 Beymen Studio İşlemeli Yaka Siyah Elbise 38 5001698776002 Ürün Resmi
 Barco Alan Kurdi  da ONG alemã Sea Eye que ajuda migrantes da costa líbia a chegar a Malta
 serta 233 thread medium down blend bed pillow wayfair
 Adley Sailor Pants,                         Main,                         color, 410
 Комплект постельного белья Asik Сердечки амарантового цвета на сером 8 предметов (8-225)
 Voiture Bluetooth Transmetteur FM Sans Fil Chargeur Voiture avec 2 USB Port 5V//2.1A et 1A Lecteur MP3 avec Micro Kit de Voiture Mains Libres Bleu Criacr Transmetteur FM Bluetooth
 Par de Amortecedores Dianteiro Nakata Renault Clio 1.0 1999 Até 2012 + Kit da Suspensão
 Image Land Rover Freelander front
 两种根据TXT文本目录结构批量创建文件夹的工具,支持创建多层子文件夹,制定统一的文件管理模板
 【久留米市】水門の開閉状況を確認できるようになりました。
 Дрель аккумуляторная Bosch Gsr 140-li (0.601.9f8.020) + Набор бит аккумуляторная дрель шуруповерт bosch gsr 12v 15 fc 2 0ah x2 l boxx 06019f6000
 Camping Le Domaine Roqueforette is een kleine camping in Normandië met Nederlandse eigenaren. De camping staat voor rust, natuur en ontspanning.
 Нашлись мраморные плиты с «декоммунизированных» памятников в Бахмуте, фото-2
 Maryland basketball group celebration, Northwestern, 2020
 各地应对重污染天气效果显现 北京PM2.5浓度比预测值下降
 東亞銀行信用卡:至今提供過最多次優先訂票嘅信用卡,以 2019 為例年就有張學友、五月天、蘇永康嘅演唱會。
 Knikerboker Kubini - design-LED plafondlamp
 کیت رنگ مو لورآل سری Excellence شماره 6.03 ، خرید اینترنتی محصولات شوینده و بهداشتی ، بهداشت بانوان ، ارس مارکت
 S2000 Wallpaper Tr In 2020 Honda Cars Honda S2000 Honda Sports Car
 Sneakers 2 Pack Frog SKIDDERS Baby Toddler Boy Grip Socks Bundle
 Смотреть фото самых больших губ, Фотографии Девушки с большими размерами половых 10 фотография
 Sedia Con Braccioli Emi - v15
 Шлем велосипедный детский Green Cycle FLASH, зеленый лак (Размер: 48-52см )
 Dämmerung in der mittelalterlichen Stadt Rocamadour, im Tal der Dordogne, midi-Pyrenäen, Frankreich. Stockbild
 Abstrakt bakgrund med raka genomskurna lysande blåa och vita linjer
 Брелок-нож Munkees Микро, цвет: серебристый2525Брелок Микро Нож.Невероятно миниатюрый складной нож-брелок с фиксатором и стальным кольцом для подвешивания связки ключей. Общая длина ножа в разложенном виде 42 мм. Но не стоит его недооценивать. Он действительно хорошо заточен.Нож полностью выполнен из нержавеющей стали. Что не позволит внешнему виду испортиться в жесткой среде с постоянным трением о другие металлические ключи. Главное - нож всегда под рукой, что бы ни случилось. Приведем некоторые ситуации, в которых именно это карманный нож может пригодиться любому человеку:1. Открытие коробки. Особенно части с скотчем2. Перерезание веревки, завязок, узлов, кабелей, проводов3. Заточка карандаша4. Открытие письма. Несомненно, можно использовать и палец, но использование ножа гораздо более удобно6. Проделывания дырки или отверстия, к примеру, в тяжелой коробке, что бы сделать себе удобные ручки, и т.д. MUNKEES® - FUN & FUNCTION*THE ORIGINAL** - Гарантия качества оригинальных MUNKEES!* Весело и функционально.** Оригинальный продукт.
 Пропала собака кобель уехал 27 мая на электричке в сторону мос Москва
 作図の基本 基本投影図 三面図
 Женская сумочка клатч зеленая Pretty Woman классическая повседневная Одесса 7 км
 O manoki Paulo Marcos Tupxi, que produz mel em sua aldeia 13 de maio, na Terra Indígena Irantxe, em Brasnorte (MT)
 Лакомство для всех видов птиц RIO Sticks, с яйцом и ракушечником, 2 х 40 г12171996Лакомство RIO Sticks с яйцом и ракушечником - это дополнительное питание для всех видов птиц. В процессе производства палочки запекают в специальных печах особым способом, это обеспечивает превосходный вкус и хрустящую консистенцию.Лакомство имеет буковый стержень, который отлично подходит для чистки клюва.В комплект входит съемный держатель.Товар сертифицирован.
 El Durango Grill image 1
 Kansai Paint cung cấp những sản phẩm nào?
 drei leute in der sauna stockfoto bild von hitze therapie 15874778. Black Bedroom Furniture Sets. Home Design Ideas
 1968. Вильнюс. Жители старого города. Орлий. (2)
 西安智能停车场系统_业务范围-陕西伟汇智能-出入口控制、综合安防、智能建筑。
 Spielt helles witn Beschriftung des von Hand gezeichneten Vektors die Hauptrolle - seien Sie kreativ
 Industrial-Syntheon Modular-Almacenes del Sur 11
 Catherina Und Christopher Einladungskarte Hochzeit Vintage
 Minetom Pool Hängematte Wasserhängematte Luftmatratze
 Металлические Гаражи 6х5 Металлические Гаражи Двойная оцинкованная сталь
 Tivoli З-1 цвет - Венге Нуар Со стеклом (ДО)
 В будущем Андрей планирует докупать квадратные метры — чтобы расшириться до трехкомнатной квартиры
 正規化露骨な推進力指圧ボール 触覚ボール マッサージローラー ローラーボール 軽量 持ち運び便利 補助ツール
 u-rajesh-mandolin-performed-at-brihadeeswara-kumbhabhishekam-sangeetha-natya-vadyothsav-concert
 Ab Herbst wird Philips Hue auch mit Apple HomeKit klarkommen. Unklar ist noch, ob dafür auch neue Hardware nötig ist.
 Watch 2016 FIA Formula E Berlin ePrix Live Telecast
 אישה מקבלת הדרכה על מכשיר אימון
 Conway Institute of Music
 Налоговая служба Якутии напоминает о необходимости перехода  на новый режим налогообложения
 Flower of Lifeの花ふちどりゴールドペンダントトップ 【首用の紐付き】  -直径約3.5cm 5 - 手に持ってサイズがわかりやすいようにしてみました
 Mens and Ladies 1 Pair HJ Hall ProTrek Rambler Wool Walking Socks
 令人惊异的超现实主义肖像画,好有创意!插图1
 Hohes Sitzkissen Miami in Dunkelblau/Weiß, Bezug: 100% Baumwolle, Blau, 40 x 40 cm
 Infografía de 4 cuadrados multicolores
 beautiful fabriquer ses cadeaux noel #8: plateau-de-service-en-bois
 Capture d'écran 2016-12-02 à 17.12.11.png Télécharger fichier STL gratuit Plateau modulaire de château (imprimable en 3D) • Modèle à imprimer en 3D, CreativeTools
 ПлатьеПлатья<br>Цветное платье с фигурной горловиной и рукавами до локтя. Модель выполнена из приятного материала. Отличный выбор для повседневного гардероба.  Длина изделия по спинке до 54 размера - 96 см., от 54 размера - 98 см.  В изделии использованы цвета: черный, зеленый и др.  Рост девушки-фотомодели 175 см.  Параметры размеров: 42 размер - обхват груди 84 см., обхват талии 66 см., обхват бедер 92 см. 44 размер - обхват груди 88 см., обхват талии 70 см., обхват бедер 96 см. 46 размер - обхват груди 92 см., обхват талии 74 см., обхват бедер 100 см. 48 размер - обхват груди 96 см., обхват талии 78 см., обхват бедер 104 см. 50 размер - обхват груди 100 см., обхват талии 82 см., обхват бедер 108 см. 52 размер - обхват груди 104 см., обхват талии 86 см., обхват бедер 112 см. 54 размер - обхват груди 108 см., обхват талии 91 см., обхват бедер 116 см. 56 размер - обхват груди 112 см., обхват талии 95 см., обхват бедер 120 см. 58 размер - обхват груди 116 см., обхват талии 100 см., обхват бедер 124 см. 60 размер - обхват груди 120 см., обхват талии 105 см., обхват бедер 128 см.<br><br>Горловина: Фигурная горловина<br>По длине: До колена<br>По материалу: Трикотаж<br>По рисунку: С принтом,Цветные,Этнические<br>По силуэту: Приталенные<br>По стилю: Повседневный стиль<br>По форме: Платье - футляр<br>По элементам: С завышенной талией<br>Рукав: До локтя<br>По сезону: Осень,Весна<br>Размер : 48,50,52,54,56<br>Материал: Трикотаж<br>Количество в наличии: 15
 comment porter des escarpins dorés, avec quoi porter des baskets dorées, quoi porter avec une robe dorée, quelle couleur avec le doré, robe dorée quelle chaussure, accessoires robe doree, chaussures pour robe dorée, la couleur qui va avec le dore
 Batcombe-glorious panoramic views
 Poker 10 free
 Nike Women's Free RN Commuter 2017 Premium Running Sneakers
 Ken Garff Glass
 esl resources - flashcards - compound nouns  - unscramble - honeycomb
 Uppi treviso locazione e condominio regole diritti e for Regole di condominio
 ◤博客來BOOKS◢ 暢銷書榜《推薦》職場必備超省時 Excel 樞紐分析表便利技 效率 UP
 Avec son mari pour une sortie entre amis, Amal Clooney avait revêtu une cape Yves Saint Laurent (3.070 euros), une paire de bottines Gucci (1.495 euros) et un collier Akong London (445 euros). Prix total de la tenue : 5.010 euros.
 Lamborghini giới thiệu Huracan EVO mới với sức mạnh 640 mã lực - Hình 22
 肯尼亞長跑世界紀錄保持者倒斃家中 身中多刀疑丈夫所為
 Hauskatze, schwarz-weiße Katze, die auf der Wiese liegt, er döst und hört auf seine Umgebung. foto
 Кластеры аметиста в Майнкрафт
•••
◆ EXERCISE DETAILS
Transcribe, exactly and without additions, the lines of the records above, beginning with the line that contains "Пропала собака кобель" and ending with the line that contains "Женская сумочка клатч", both included.

◆ SOLUTION BELOW
 Пропала собака кобель уехал 27 мая на электричке в сторону мос Москва
 作図の基本 基本投影図 三面図
 Женская сумочка клатч зеленая Pretty Woman классическая повседневная Одесса 7 км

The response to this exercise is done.